Grandma loved all her grandchildren. 

 

But she held a special love and inclusion for Jed. 


And for that I am grateful. 

 

She knew that when he called, it’s best to just answer and say, “I am too busy right now.” Rather than endure the 47 subsequent unanswered phone calls.  

 

Grandma often said to me, “I know that Jed loves me. And I love him.”  She was so gracious. 


And for that I am grateful. 

 

The summer of 2009, in Kamloops, I got to present my grandson to my grandparents. And getting 5-generation photos was seriously a highlight of my life. 

 

Last year, in 2023, Jim and I became great-grandparents to baby Bec.  

 

If I am a Great-Granny, this makes Grandma Gloria a great-great-great Grandma. 

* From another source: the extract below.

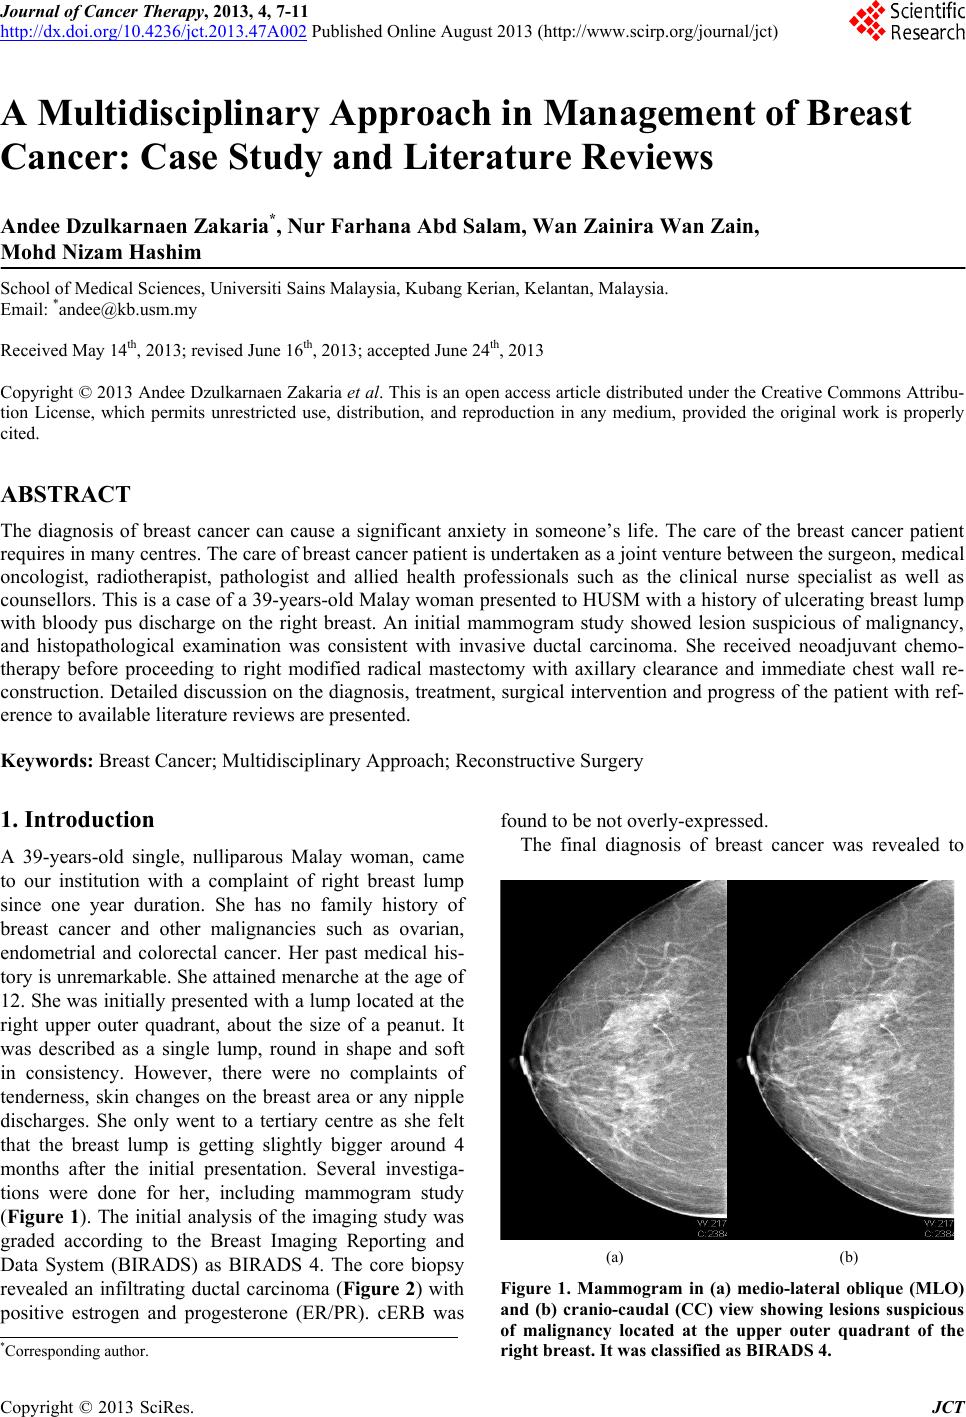 breast cancer awareness research paper

And she makes a really GREAT great-great-great Grandma.  

 

Everyone has heard of families that have had “that praying Grandma,” who has brought their families incalculable protection and blessing. 

 

Grandma Gloria was one of those.

 

And for that I am grateful.  

 

And now she’s gone. 

 

Who will pick up the slack? 






Visiting Grandma just 90 days before she was awarded eternity with Jesus.